## [EXERCISE REQUIREMENTS]
Copy out the data below from the line containing "Red Rooster take" to the line containing "Eton, Windsor, Berkshire, UK.", both lines included, with all images left out.
[MATERIALS PROVIDED]
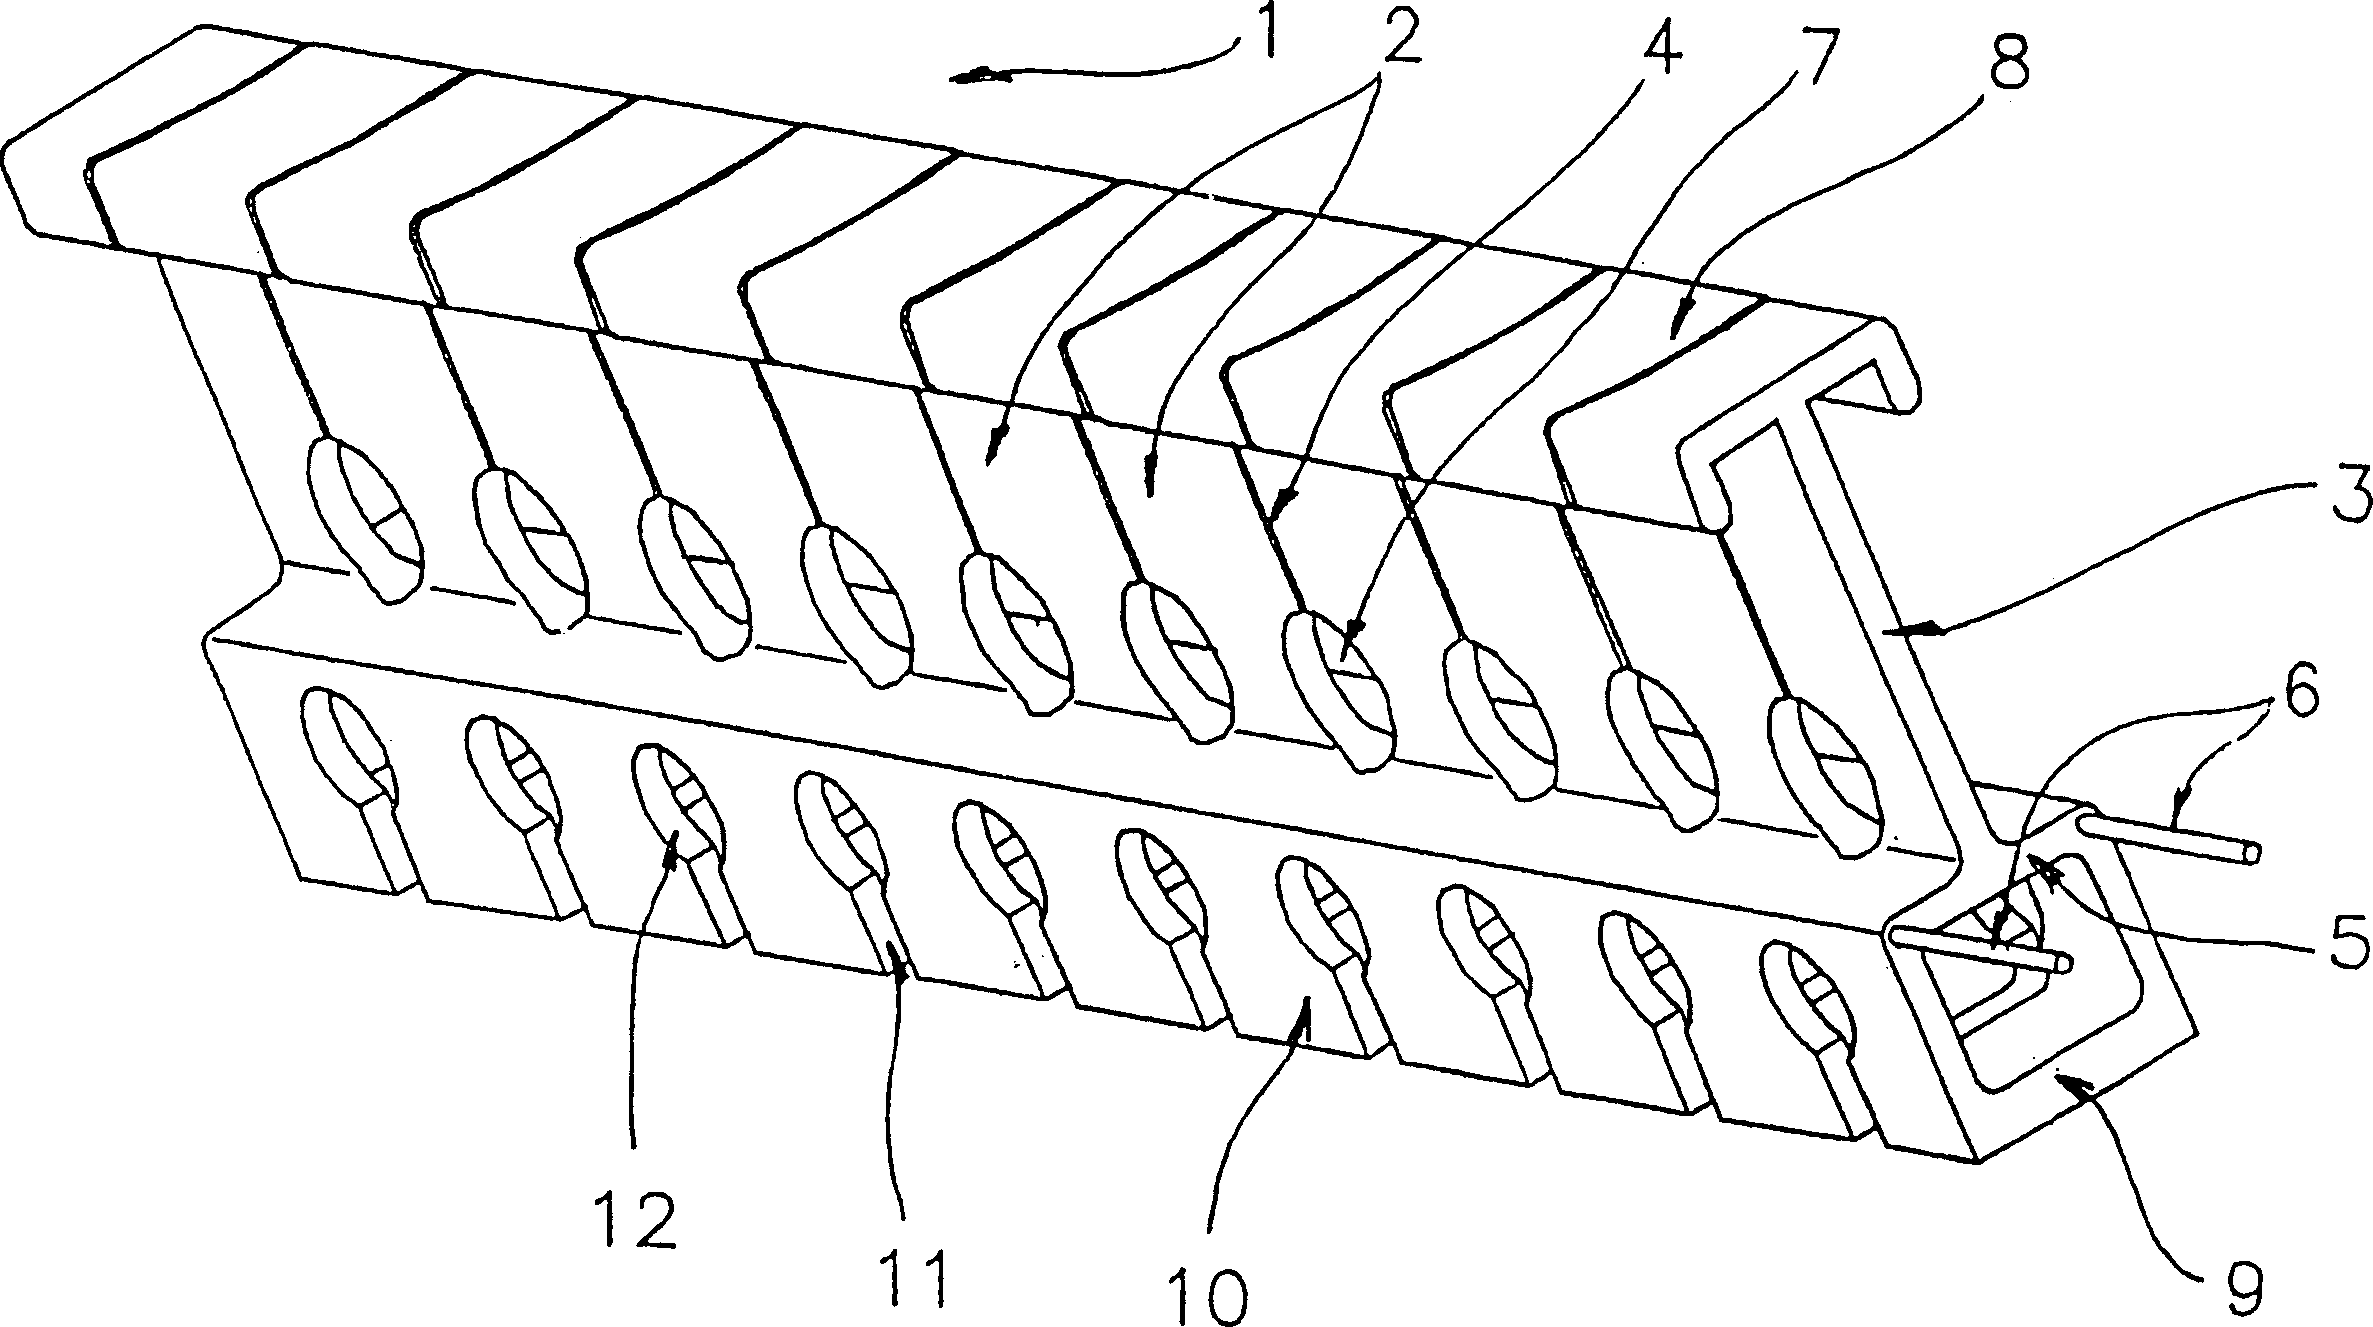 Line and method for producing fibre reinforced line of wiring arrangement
[/MATERIALS PROVIDED]
[MATERIALS PROVIDED]
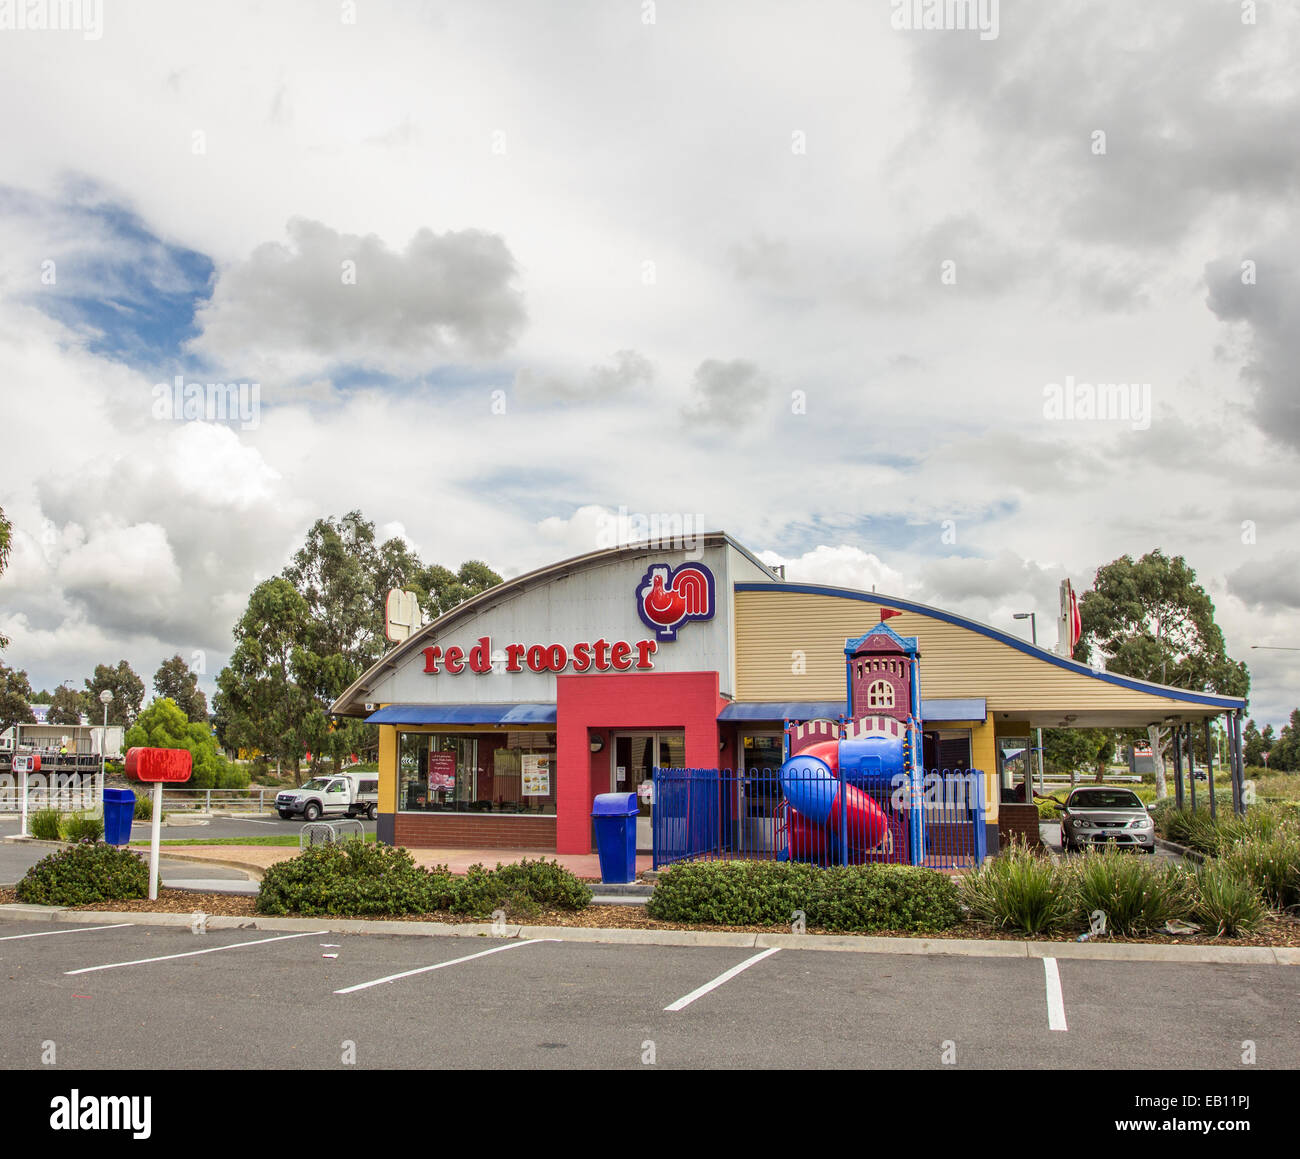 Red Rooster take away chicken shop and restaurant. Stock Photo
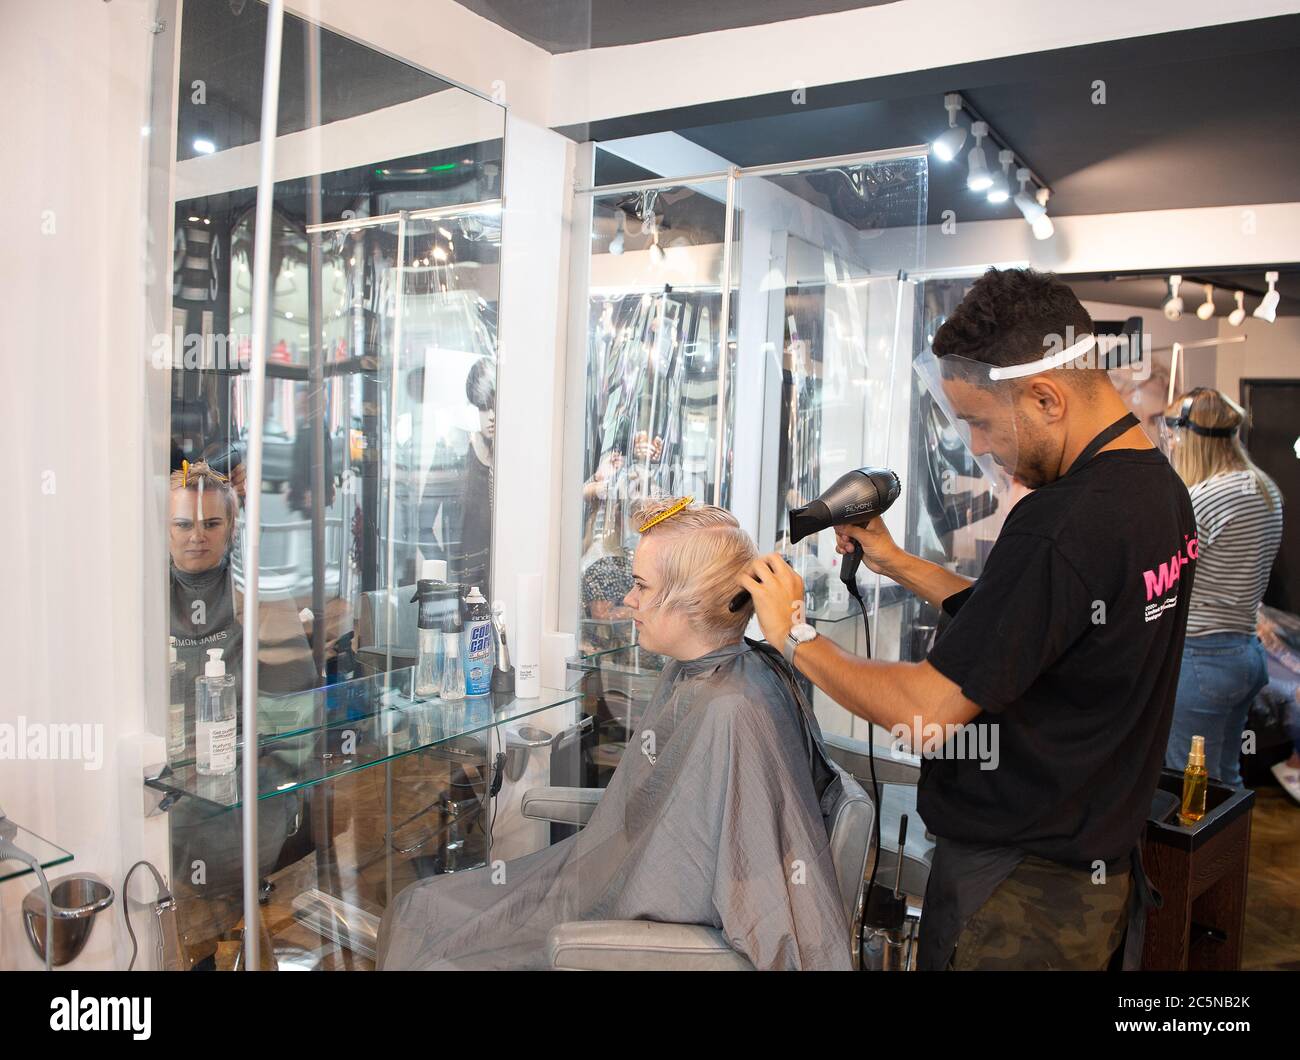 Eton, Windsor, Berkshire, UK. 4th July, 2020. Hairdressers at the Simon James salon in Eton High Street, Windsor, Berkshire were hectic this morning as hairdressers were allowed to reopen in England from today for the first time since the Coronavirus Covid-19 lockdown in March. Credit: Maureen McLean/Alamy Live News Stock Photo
[/MATERIALS PROVIDED]
## [ANSWER BOX]
 Red Rooster take away chicken shop and restaurant. Stock Photo
 Eton, Windsor, Berkshire, UK. 4th July, 2020. Hairdressers at the Simon James salon in Eton High Street, Windsor, Berkshire were hectic this morning as hairdressers were allowed to reopen in England from today for the first time since the Coronavirus Covid-19 lockdown in March. Credit: Maureen McLean/Alamy Live News Stock Photo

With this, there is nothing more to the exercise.